Although prices dissuade many would-be buyers, purchasing a home offers the “best deal” seen since 2012. In each of the top 100 metros, buying is more cost-effective than renting, ranging between a 20 and 50 percent difference in long-term costs. To ease your concerns regarding mortgage rates, the Federal Open Market Committee (FOMC), commonly known as the Fed, would have to at least double rates for the scale to tip in favor of renting. On every front, buying makes the most sense — especially in the South.
Regionally, the South offers the greatest financial benefit of homeownership with eight out of the top 10 best buying metros, including Houston.

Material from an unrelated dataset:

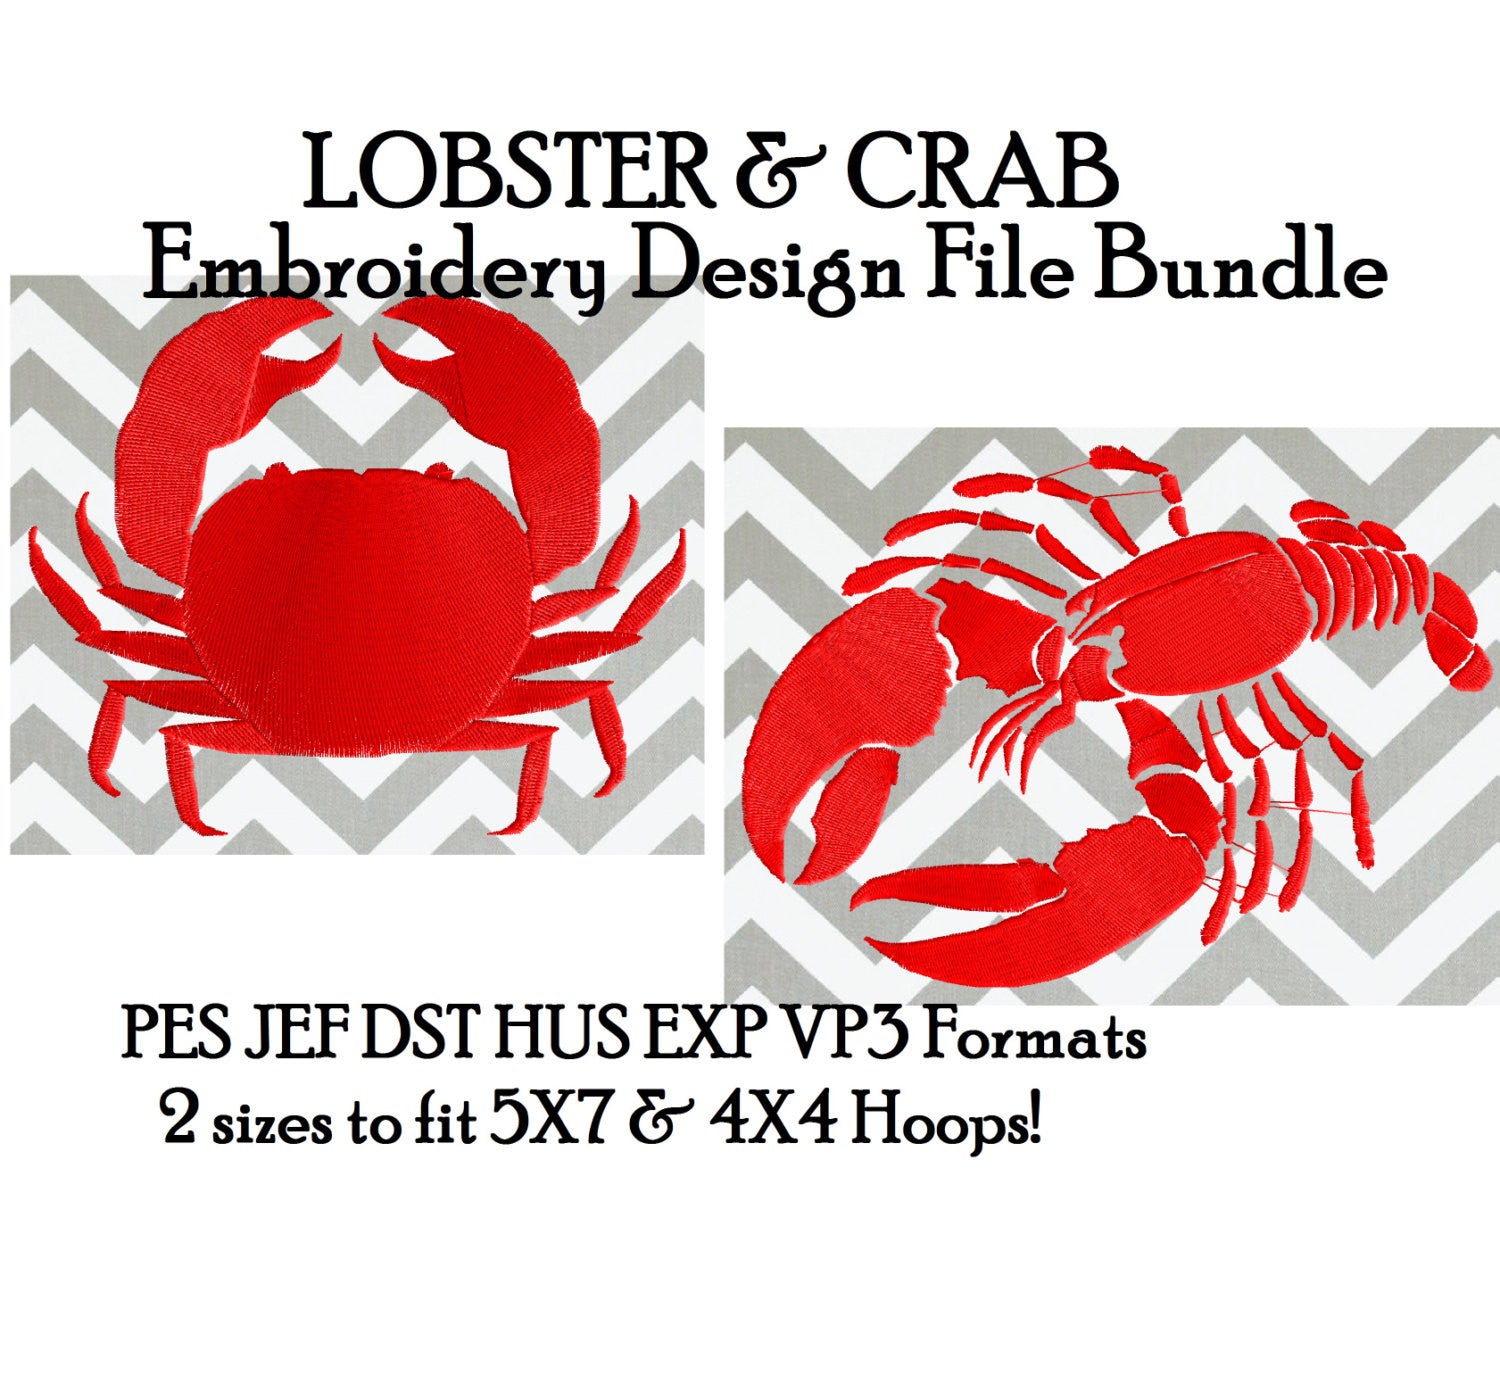 Lobster & Crab BUNDLE Silhouette - Embroidery Design Embroidery DESIGN FILE  - Instant download - Dst Hus Jef Pes Exp Vp3 formats

Houston’s median home value this fall is $176,513, while the median rent is $1,575 per month, which means buying homes in Houston is 52.9 percent cheaper than renting them. In order for the financials to shift in favor of renting, the median home price in Houston must reach $405,980, while interest rates would have to rise to 14.2 percent. Although neither scenario is likely to occur soon, home prices have a much shorter distance to go compared to the massive hike interest rates must make to tip the scale.
Austin is one of Texas’ priciest metros, with a median home value of $258,297 and a median rent of $1,700 per month. Nonetheless, buying a home in Austin is over 40 percent cheaper than renting. In order for renting to economically outweigh buying, home prices would need to go up to a median $452,020 and interest rates would have to jump to 9.7 percent.
San Antonio comes in just shy of the top 10 metros where buying is cheaper than renting, at a 50 percent cost difference benefiting homeownership. The median San Antonio home costs $155,273, compared to a median rent of $1,350 per month. In order for buying to become less advantageous than renting in San Antonio, home prices would have to jump to a median $336,942, while interest rates would have to rise to 13.3 percent.
Buying a home in Fort Worth costs a median $174,171, while renting costs $1,450 per month, making homeownership 46.4 percent less expensive than leasing. Buying would only become less advantageous if home prices rose to $346,600 or interest rates jumped to 12.3 percent.
Although Dallas homes share a slightly more expensive median of $215,053, buying is still 47.4 percent cheaper than the median apartment cost of $1,650 per month. Residential real estate prices in Dallas would have to jump to $434,407 in order for homeownership to be more expensive. Meanwhile, interest rates would have to increase to 11.9 percent for this move to occur.
If homeownership is on the horizon but you haven’t quite amassed a 20 percent down payment and closing costs, don’t fear. Interest rates have a long way to go before they tip the scales toward renting. Keep in mind, however, that shifts in home prices could have the greatest impact given the current market. Planning to delay in the hopes of a market slowdown might hurt more than help, especially with home prices climbing nationally.